*STORED DATA:*
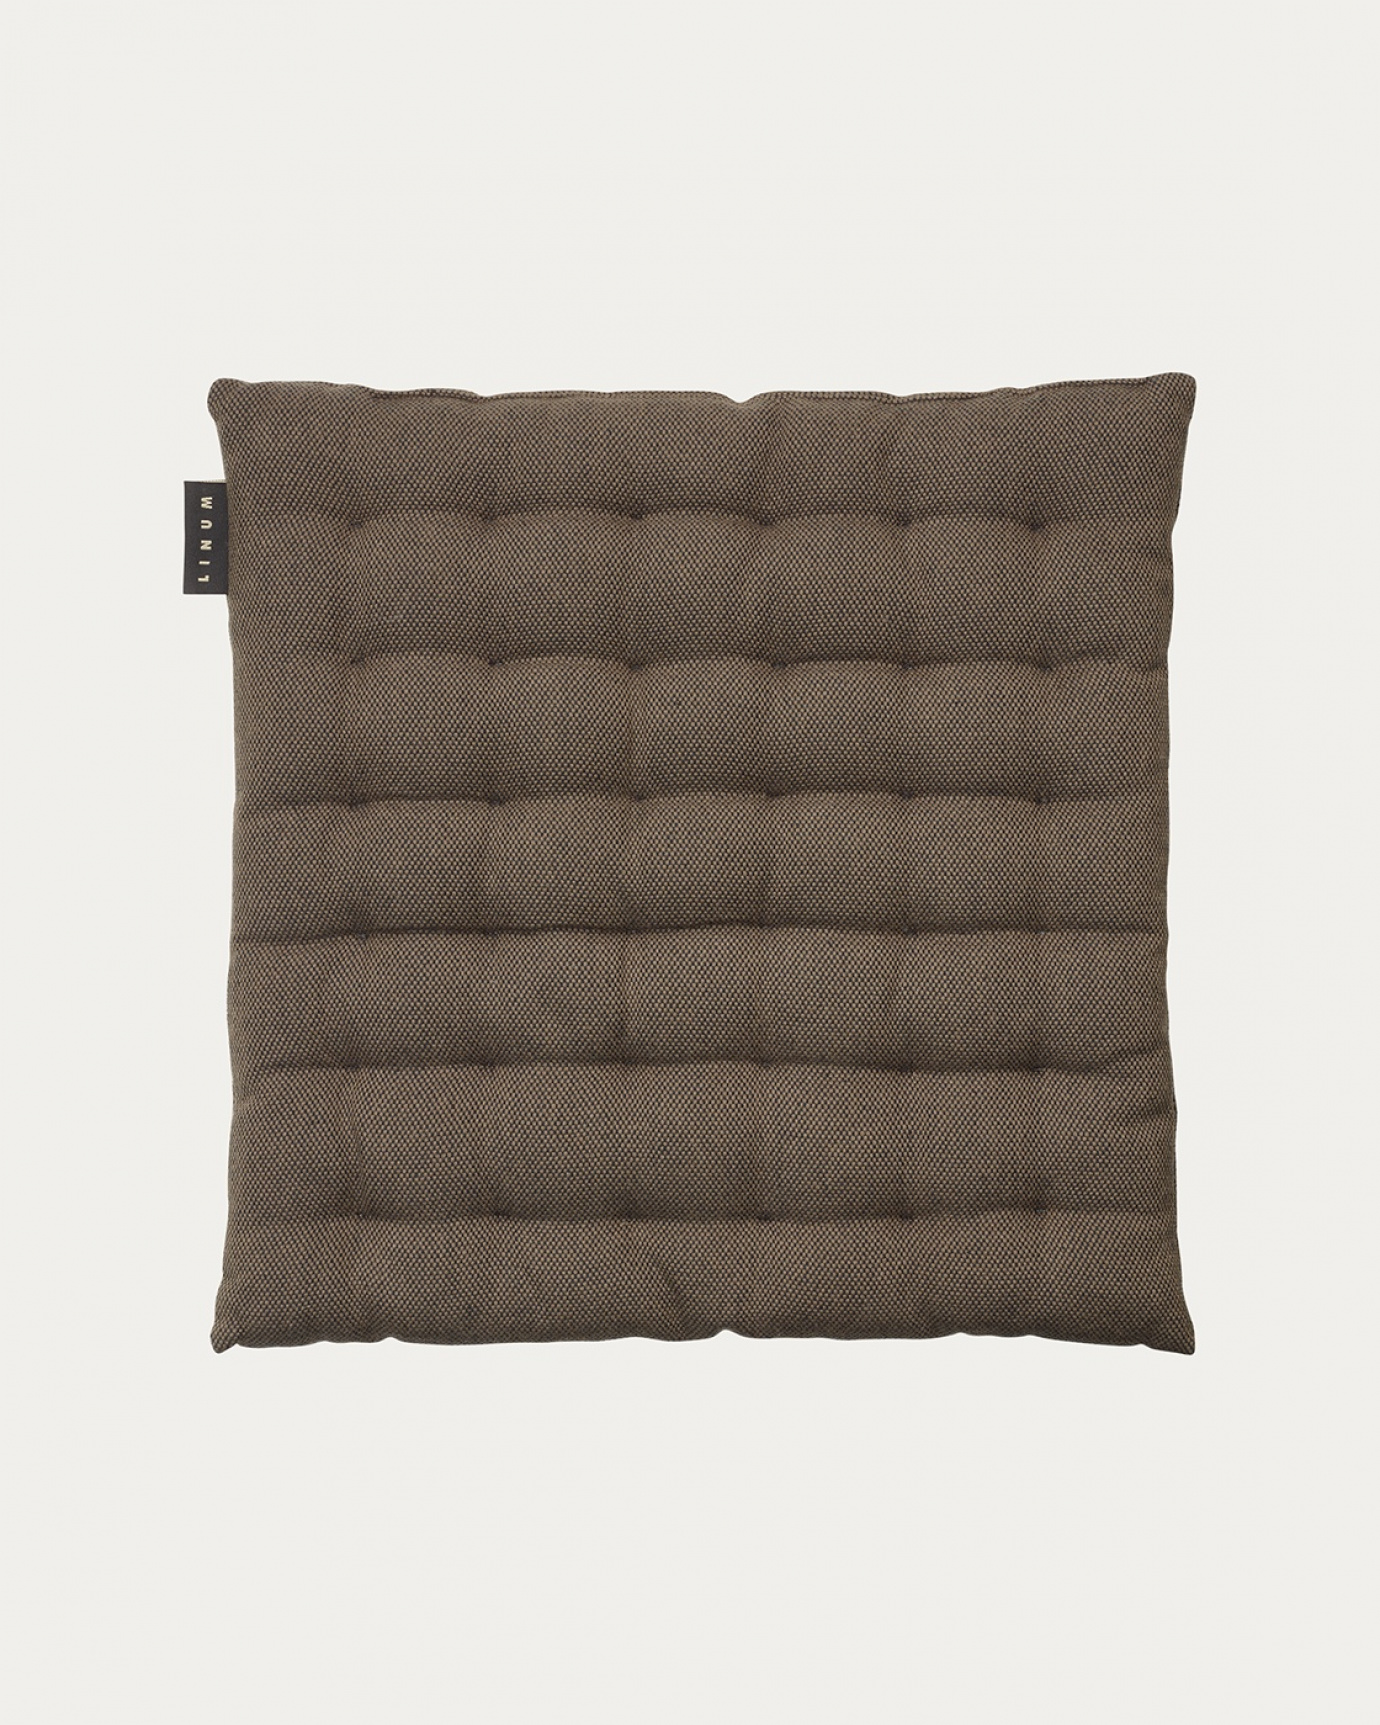 Produktbild björnbrun PEPPER sittdyna av mjuk bomull med återvunnen polyesterfyllning från LINUM DESIGN. Storlek 40x40 cm.
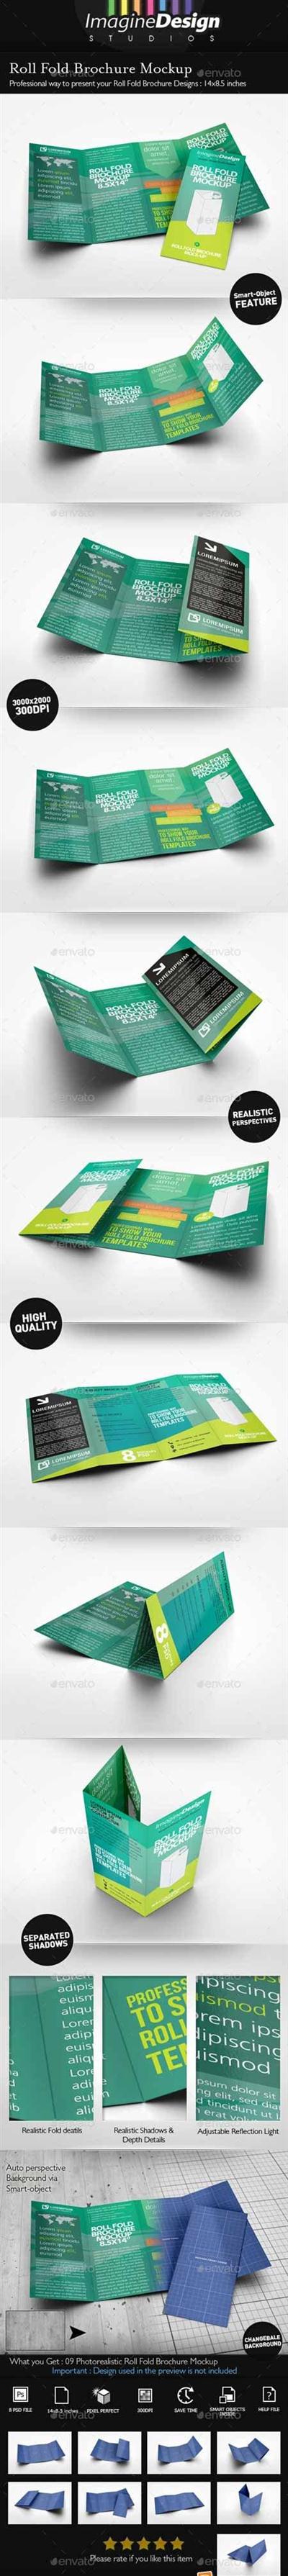 Graphicriver Roll Fold Brochure Mockup 10020772
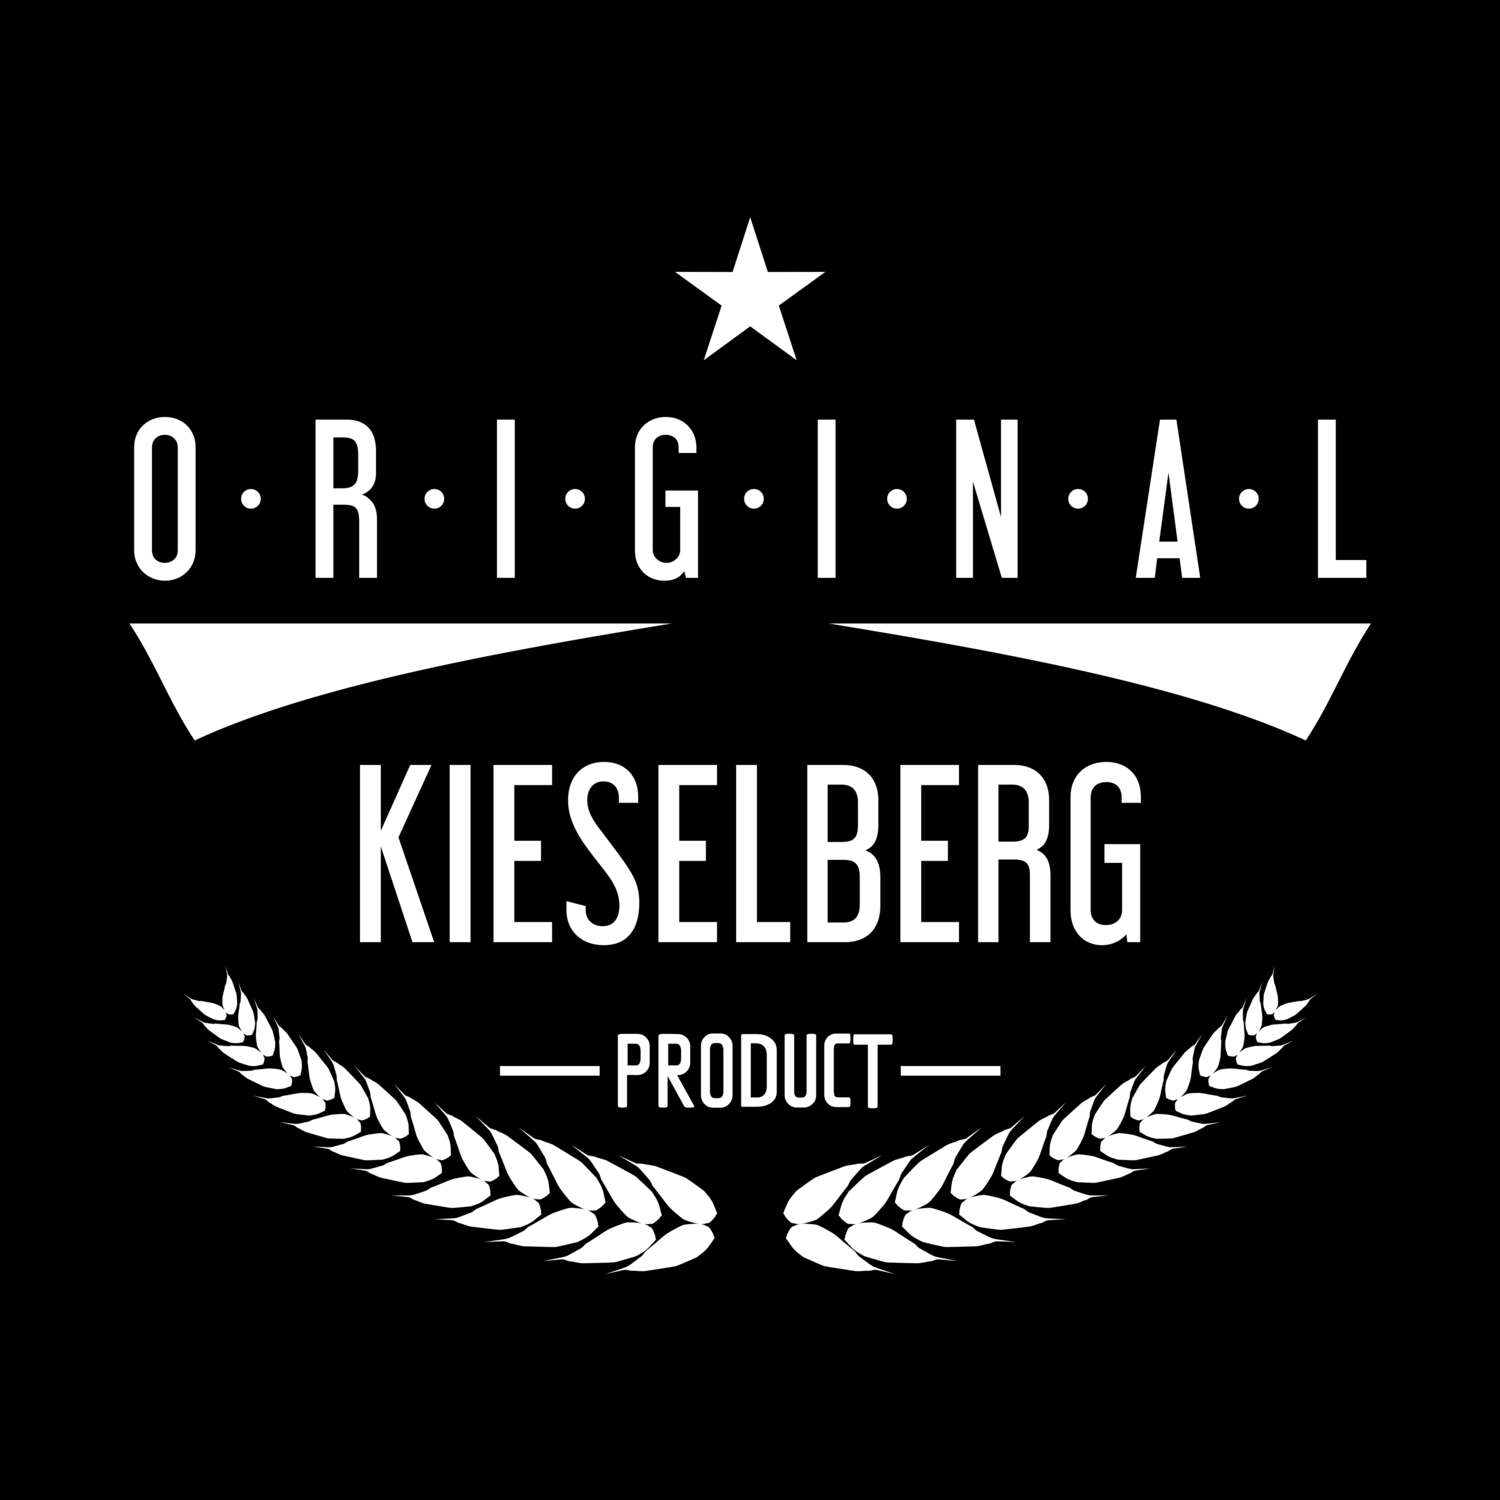 Kieselberg T-Shirt »Original Product«
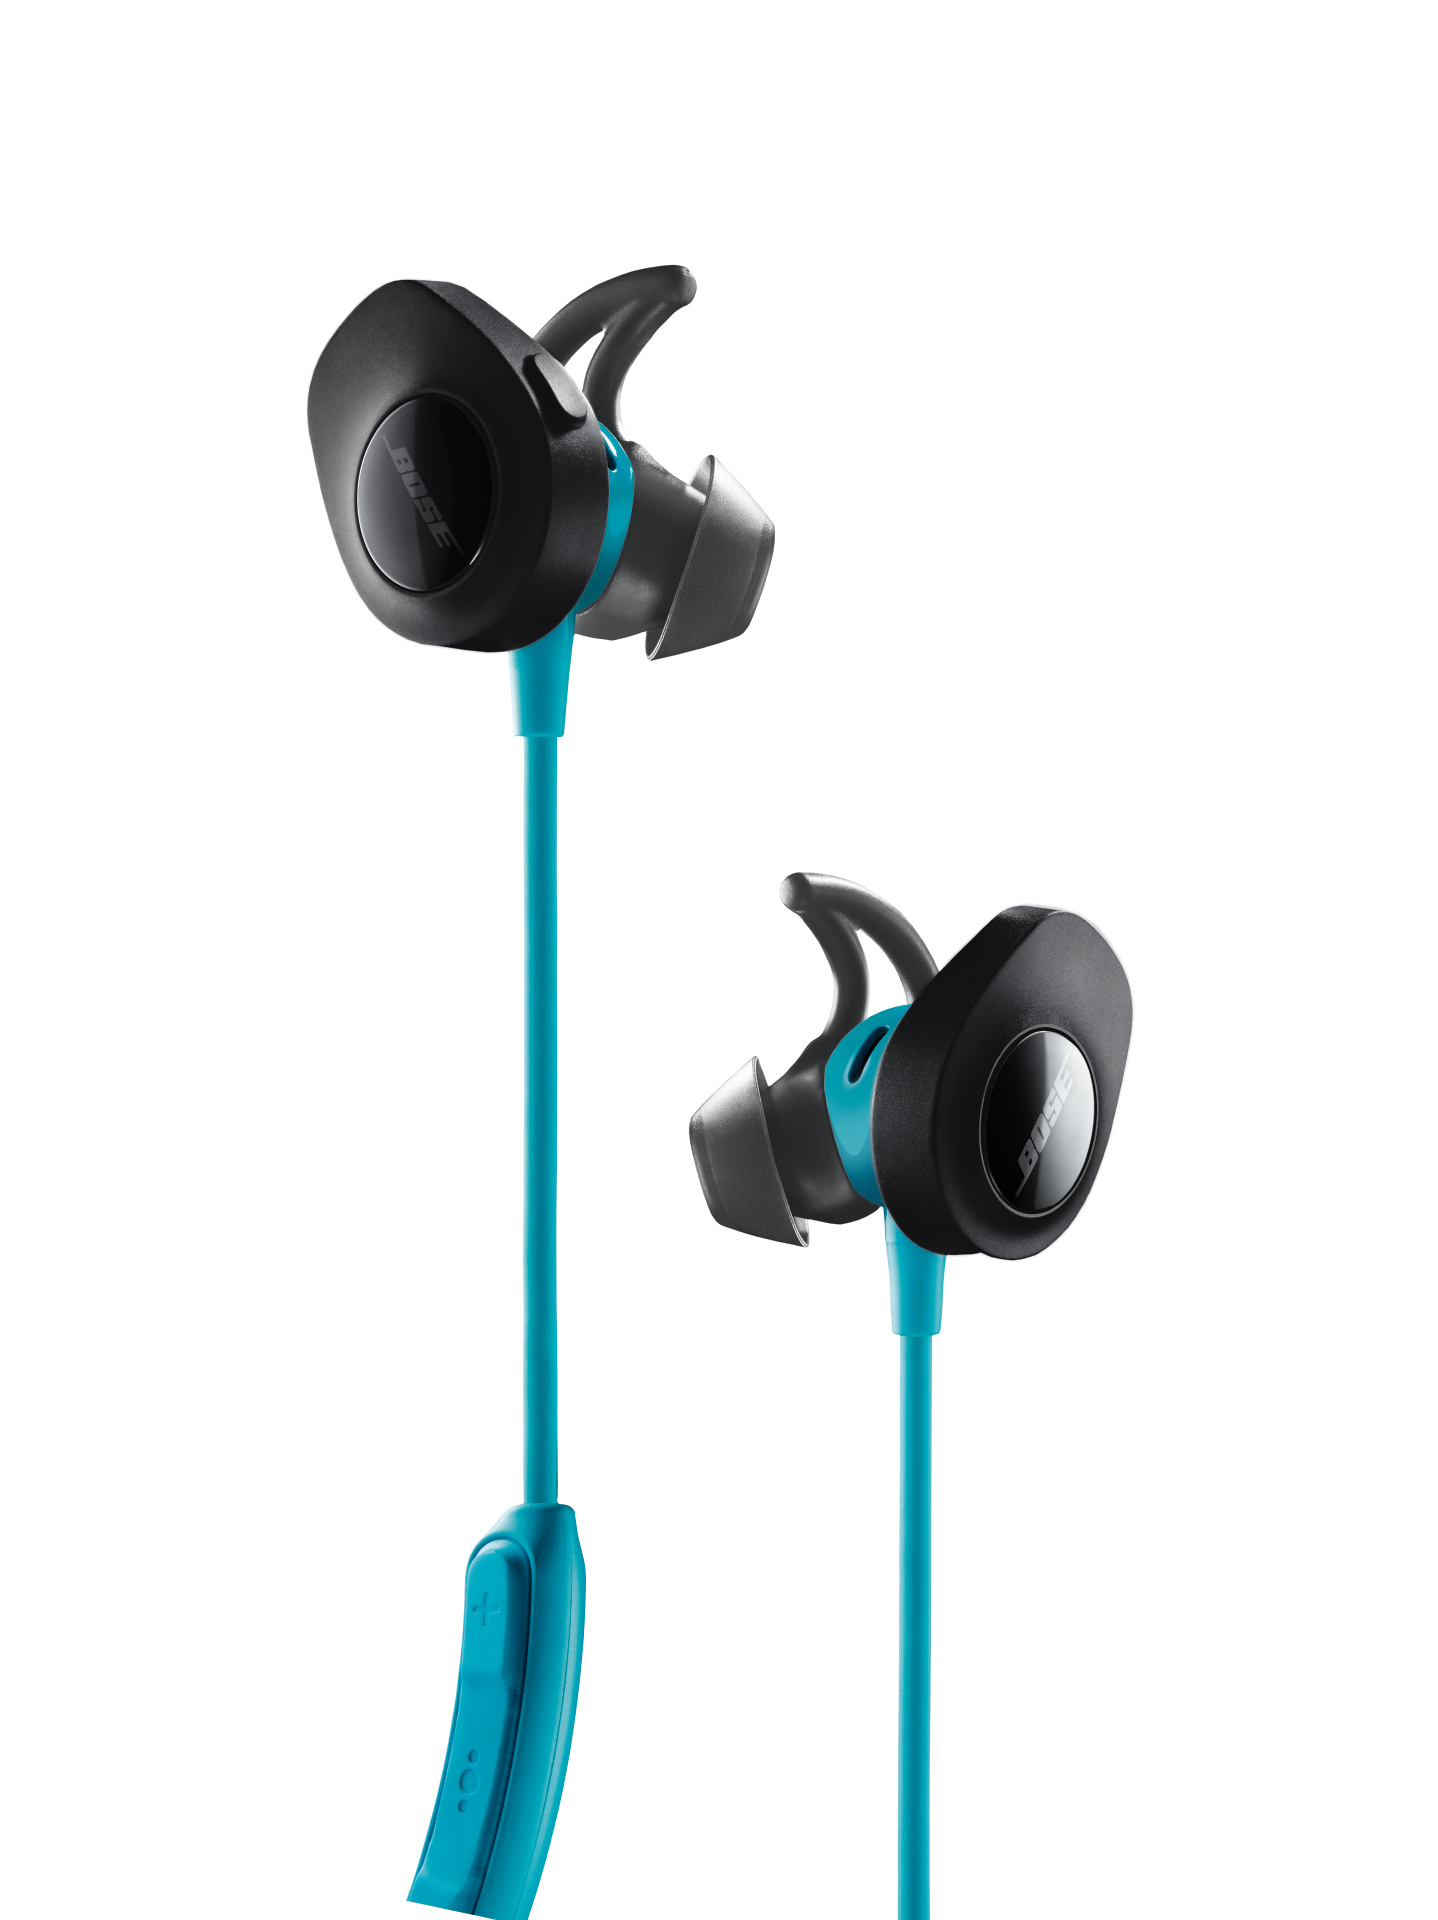 Bose SoundSport Wireless Bluetooth Earbuds, Aqua - image 1 of 9

*REQUIREMENT:*
Write the listing again exactly, duplicating every line and skipping the pictures.

*YOUR RESPONSE:*
 Produktbild björnbrun PEPPER sittdyna av mjuk bomull med återvunnen polyesterfyllning från LINUM DESIGN. Storlek 40x40 cm.
 Graphicriver Roll Fold Brochure Mockup 10020772
 Kieselberg T-Shirt »Original Product«
 Bose SoundSport Wireless Bluetooth Earbuds, Aqua - image 1 of 9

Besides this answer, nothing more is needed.